Searching for Non-Printable Characters in Text
One of the systems at work accepts data in csv format, which is essentially plain text with columns separated by commas. Occasionally a client will upload a file with mistakes in it, and while our applications are fairly robust and can handle most issues, sometimes one slips by that we weren’t expecting. When this happens, as it has twice in the past as many days, I’m called in to find out why.
The first issue was with a Python application that was pulling a file from S3, parsing it, and turning it into a tab-separated values file before uploading it back to S3 to be further processed by another system. The error given by Python’s csv
package was:
_csv.Error: need to escape, but no escapechar set
Which was odd because we process many, many files during a day and this same code hasn’t needed to set anything else. After a bit of faffing around replicating the error locally, and isolating where in the code the error was occuring, I finally got it in my head to just grep the file for special characters. Sure enough, I found that the file contained tabs inside of the values, which given the logic of our program was causing it to have a bad time of it.

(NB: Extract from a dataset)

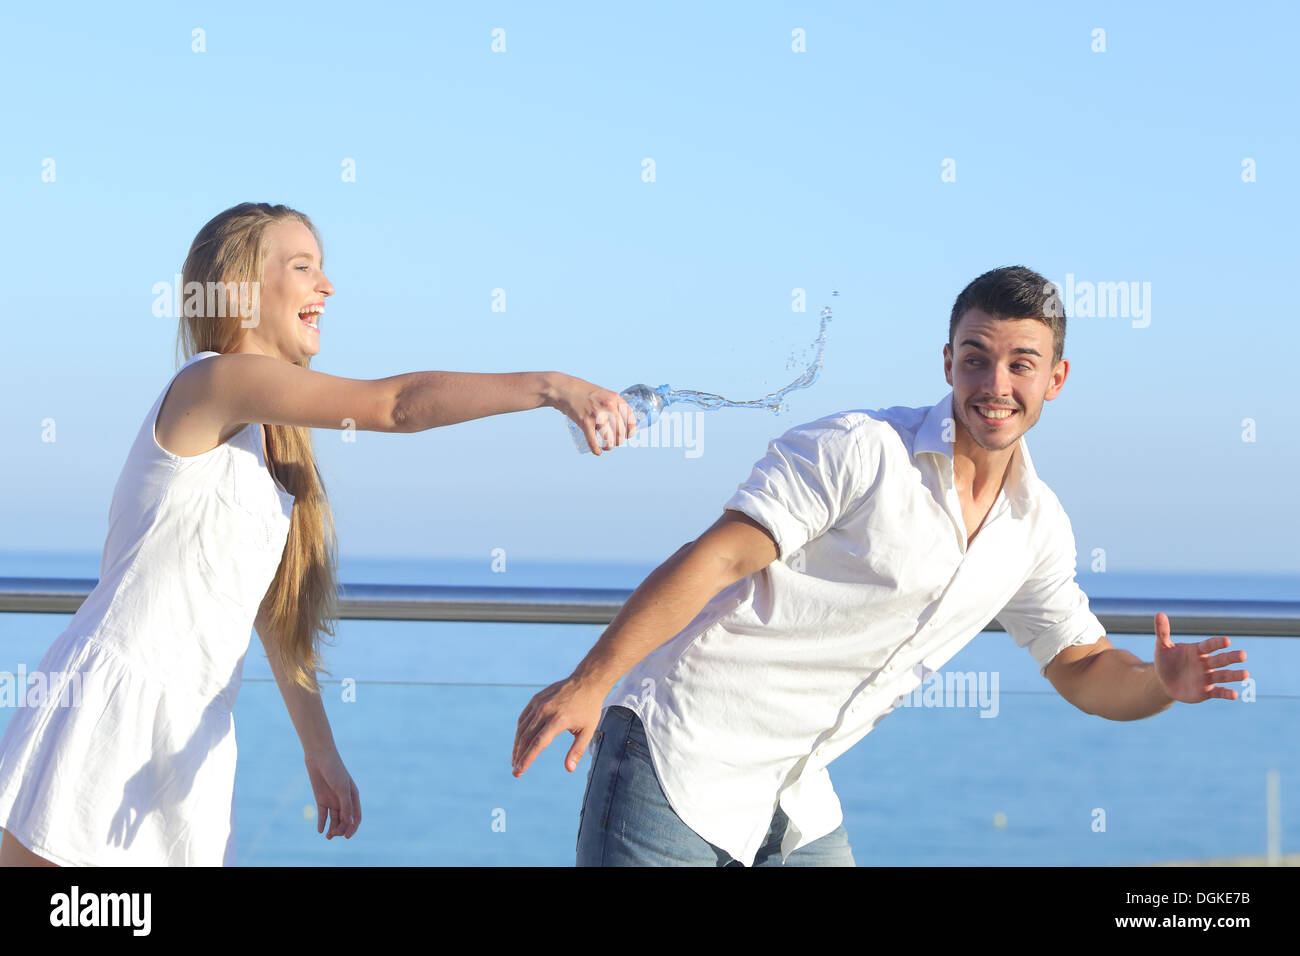 woman-throwing-water-to-her-boyfriend-with-the-sky-in-the-background-DGKE7B.jpg

The command grep '\t' in.csv
gave me the lines containing the offending tabs, and grep -n '\t' in.csv | cut -d : -f 1
gave me just the line numbers, which is what I was asked for. The cut
command lets me select specific parts of a line, in this case I asked for -d :
which set the colon as the delimiter, and -f 1
which asked for just the first column.
This morning I was asked to look at another task that had failed, this time using a custom Go binary that, again, parsed a csv file from S3. Thinking I might get lucky I ran the same search for tabs in the file but came up empty. After some looking around I found a Stack Overflow question that pointed me in the right direction, but I first had to install the GNU version of grep
.
When Mac OS was merged with NeXTSTEP to create Mac OS X, the NeXT OS brought with it pure Unix underpinnings thanks to BSD1. Thanks to that lineage, the Mac contains all the Unix tools we’d expect, but it does not include the Linux tools you’d expect. There are sometimes subtle differences between the tools, and I’ve found that the (ugg…) GNU/Linux version of grep
to be more flexible. Luckily, Homebrew makes it trivially easy to install standard GNU tools, and running brew install grep
provided me with the ggrep
binary.
Equipped with the right tools for the job, I ran this command:
LC_ALL=C ggrep --color='auto' -P -n "[\x80-\xFF]" in.csv
I’ve written about setting LC_ALL=C
before, so I’ll skip that here. The rest of the command I’ll cover below.
--color='auto'
, this makes it much easier to spot the matching characters in a long string.
-P
, tells grep to use Perl-compatible regular expressions
-n
, print the line numbers
"[\x80-\xFF]"
, This searches the text for the extended ASCII characters ranging from hexadecimal code 80
, or €, to code FF
, the ÿ, or “Latin small letter y with diaeresis”, according to the ASCII table hosted at ascii-code.com.
Finally, in.csv
is just the file name.
After editing the file, re-uploading, and kicking off the job again, it completed successfully. How in the world is it 2025 and we still have text encoding issues?
-
I thought for years that NeXTSTEP was based on FreeBSD, but Wikipedia tells me that it was actually built initially on the older 4.3BSD-Tahoe. Sometimes I forget how long ago that really was, and how fast Steve Jobs was pushed out of Apple after the announcement of the Mac in 1984. ↩